*RAW DATA:*
---

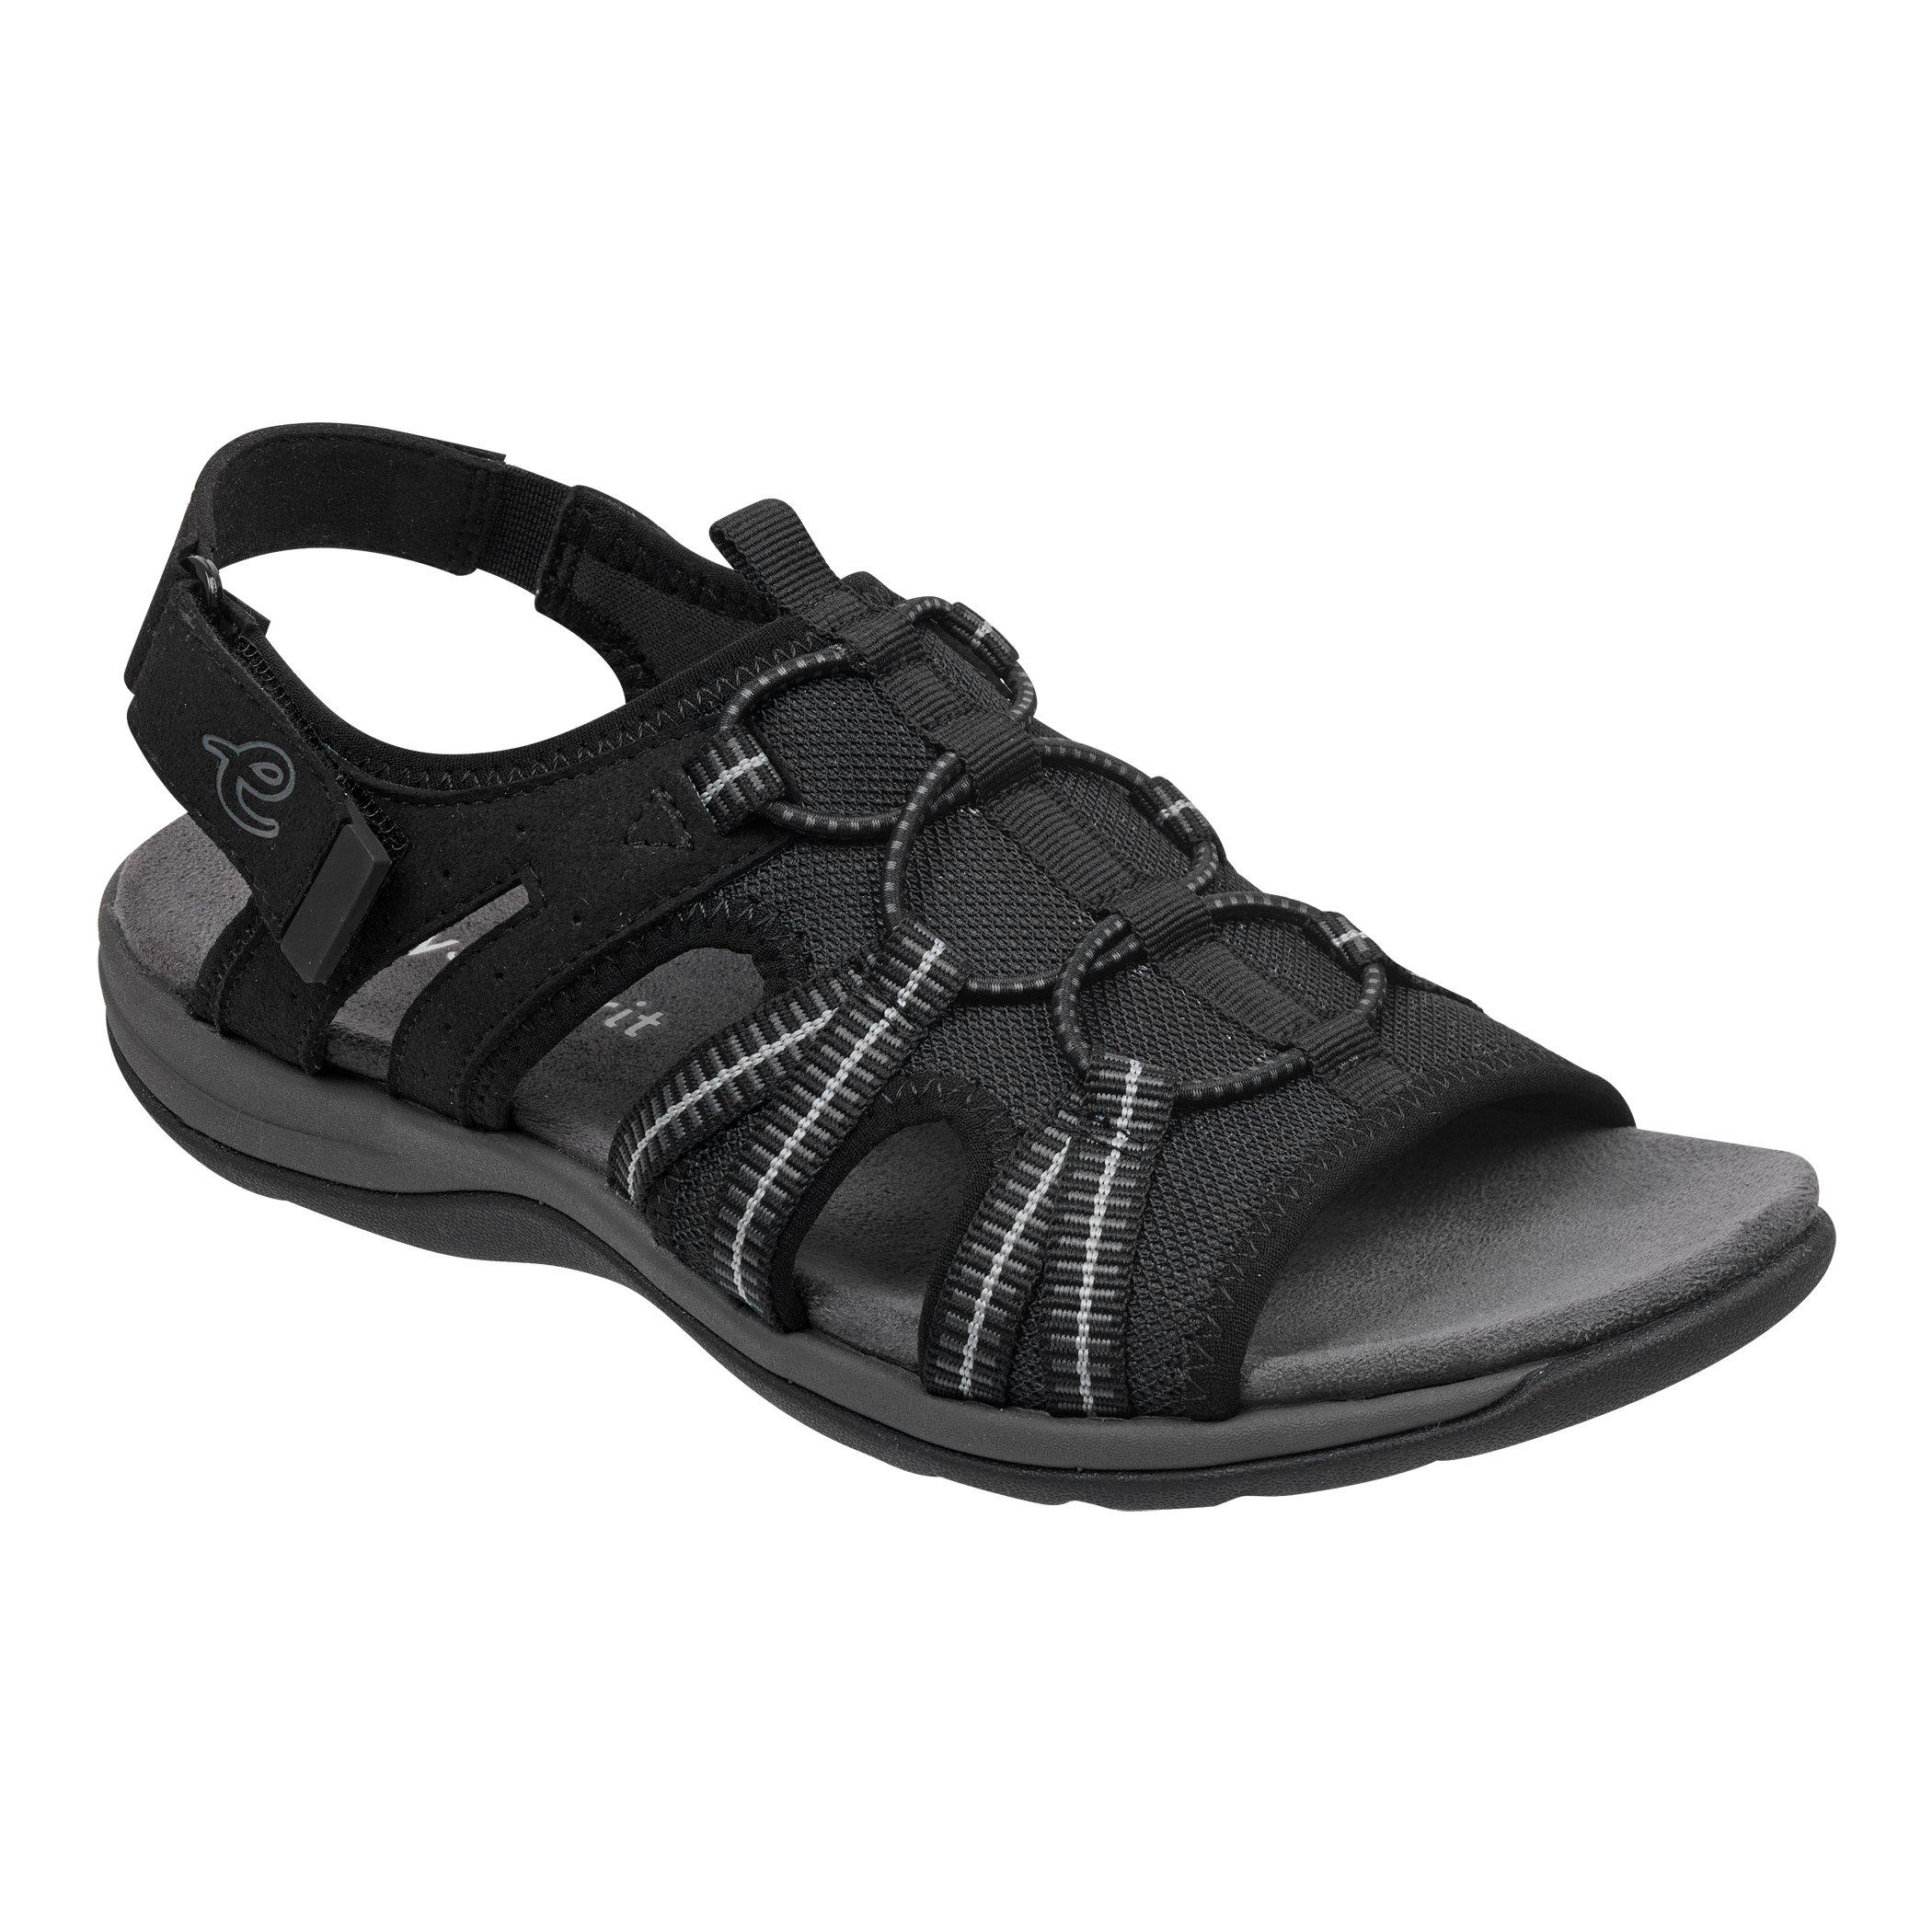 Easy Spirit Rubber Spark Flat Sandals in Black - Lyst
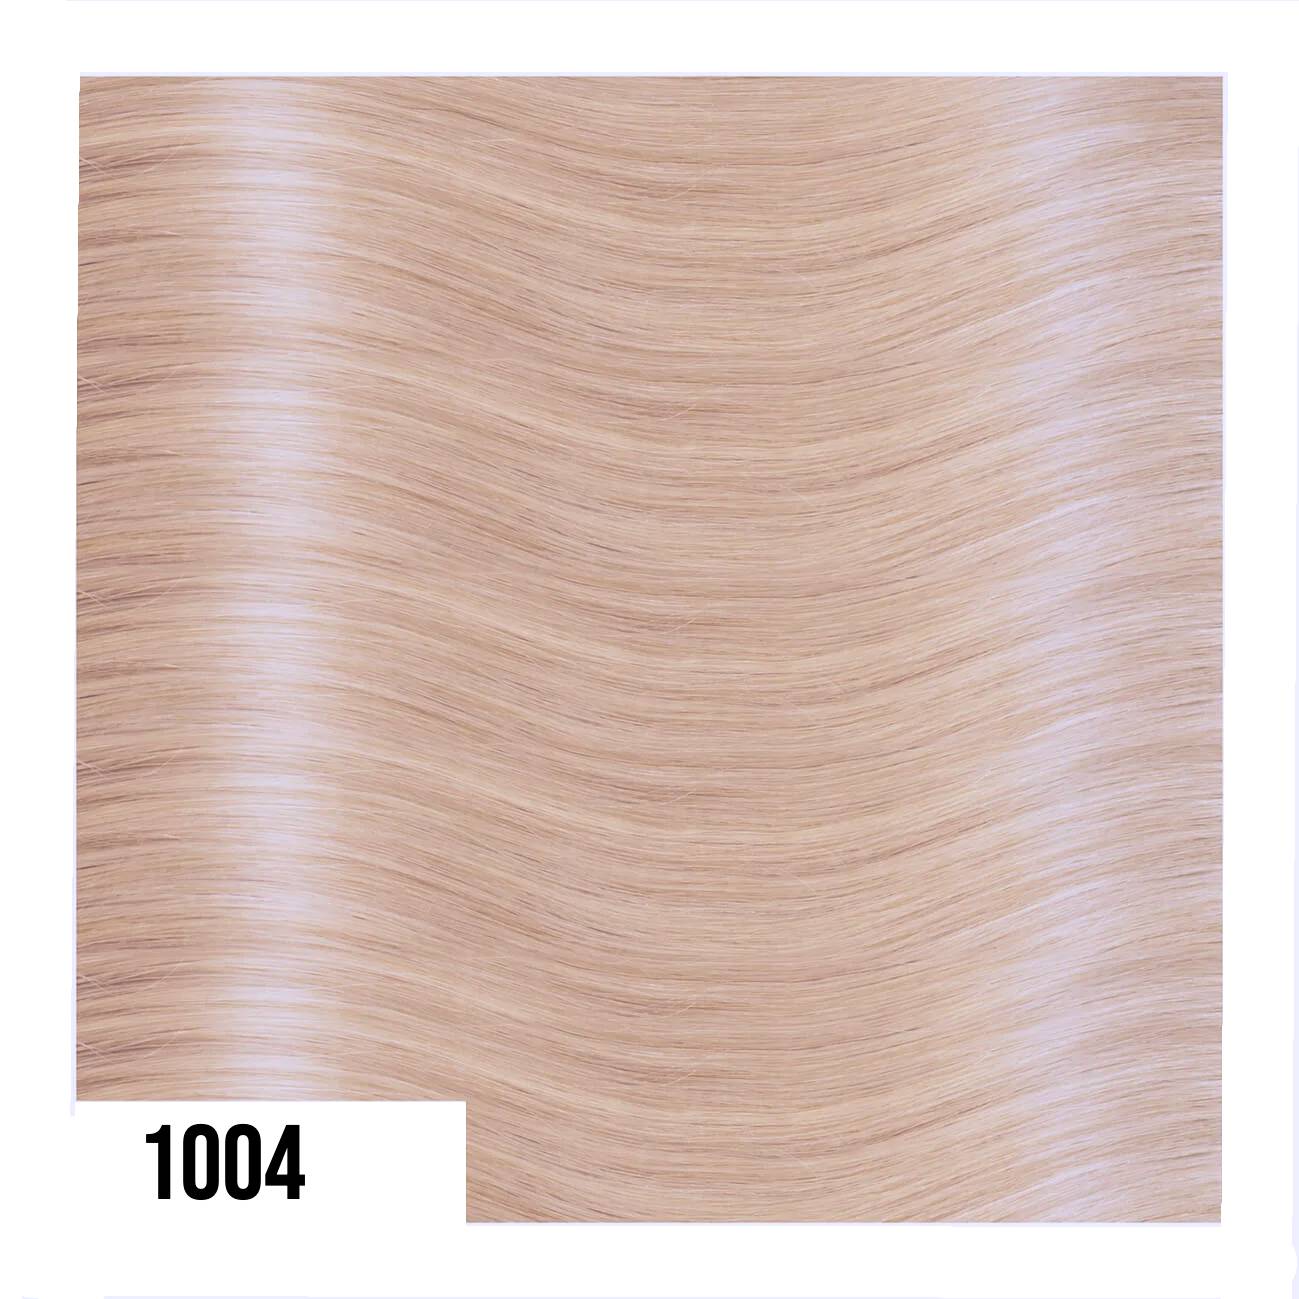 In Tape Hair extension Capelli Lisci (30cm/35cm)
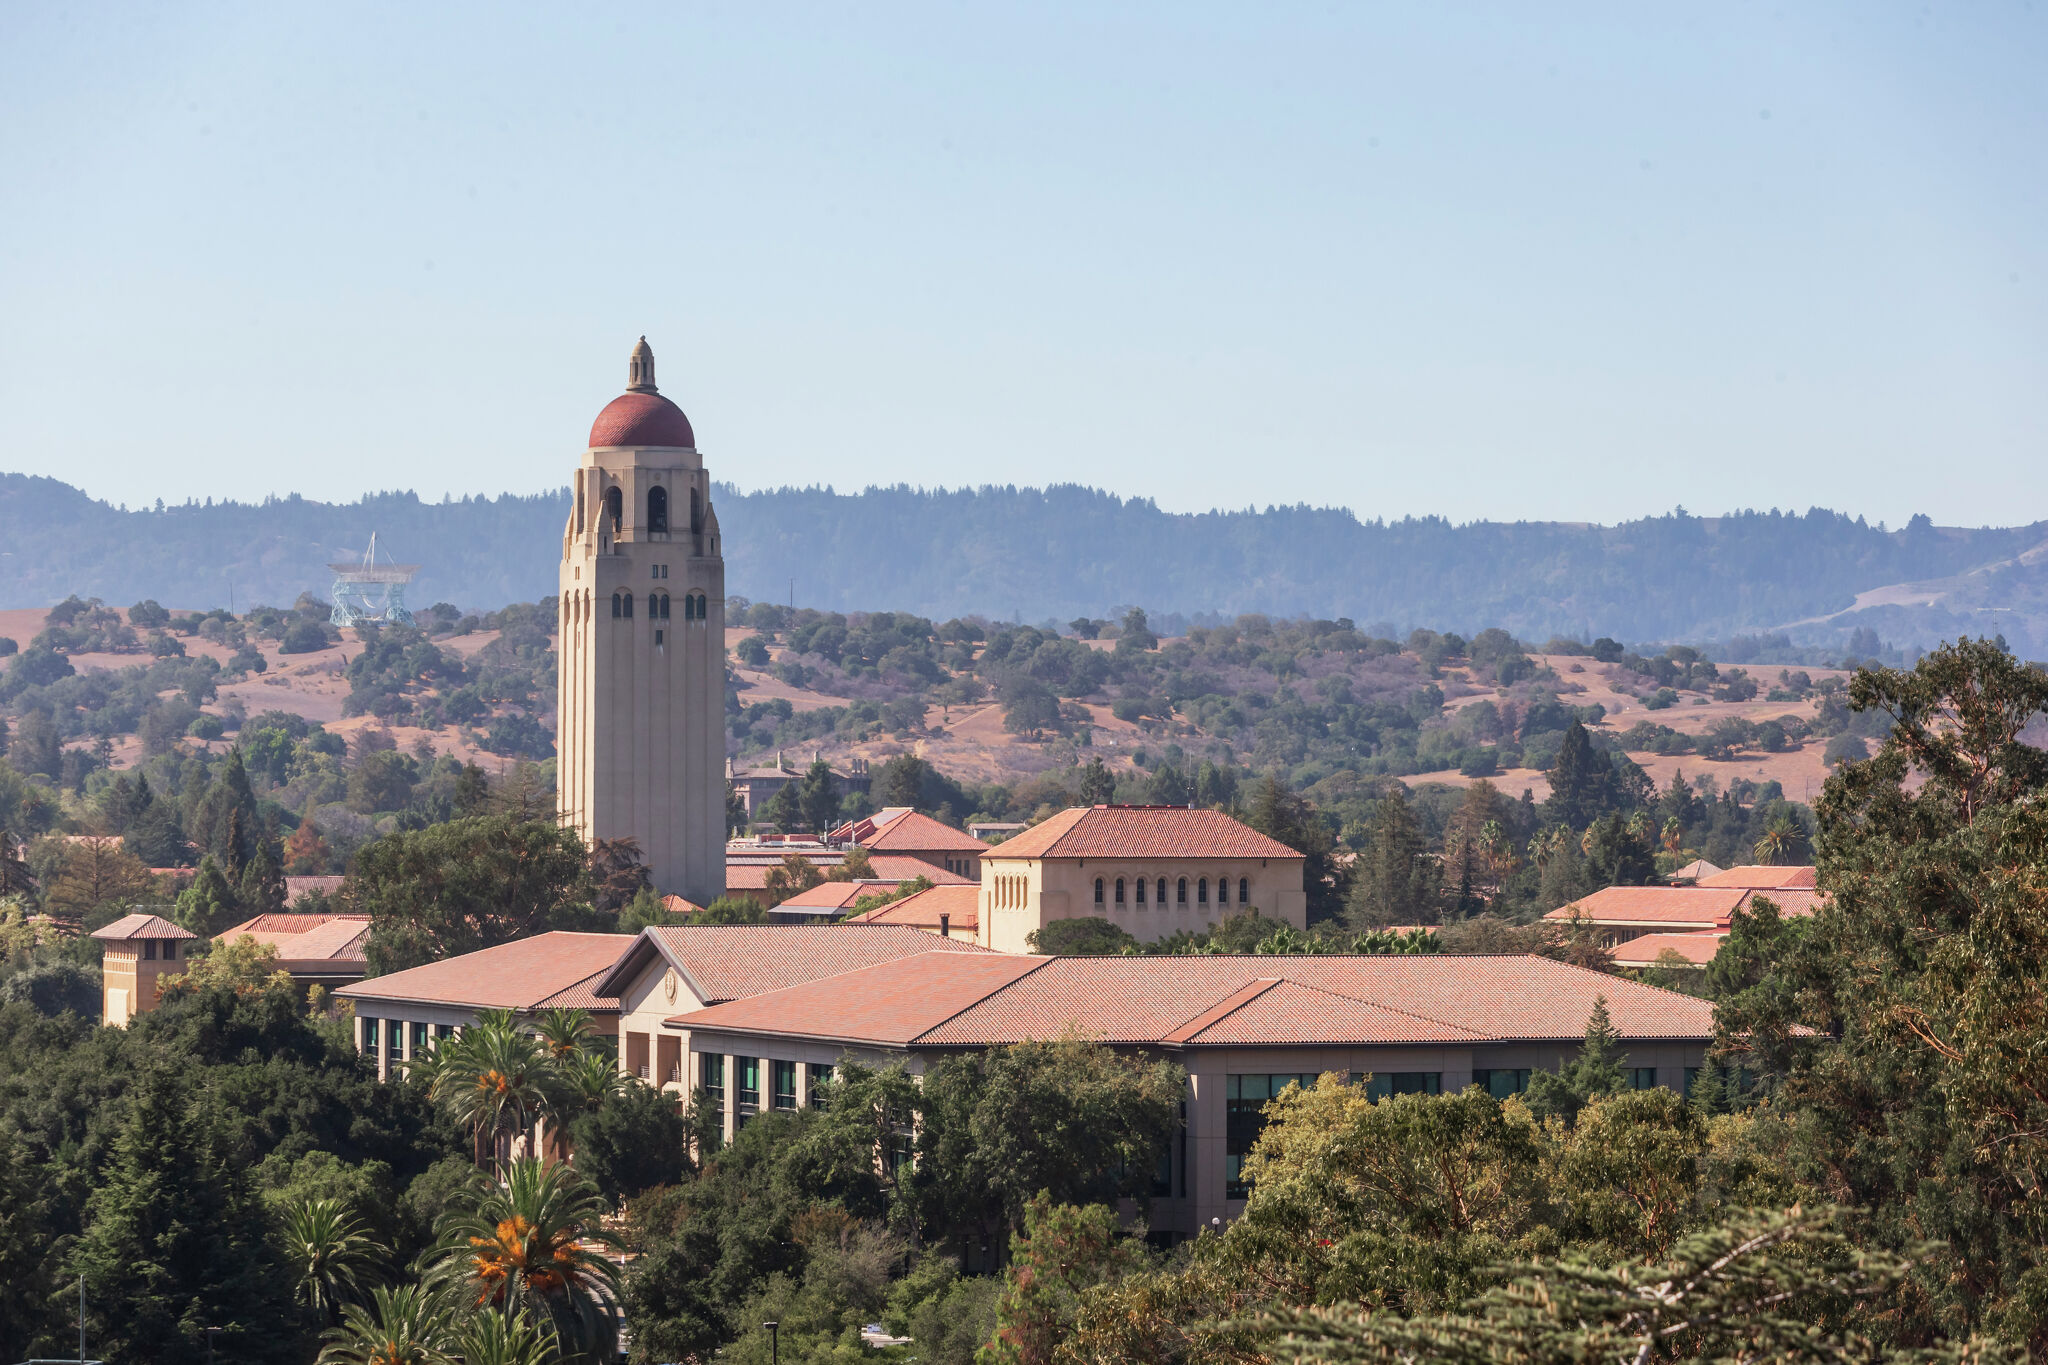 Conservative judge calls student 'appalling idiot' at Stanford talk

---

*TASK INSTRUCTIONS:* Everything in the material above is to be reproduced exactly, pictures aside.

*ANSWER TO THE EXERCISE:*
 Easy Spirit Rubber Spark Flat Sandals in Black - Lyst
 In Tape Hair extension Capelli Lisci (30cm/35cm)
 Conservative judge calls student 'appalling idiot' at Stanford talk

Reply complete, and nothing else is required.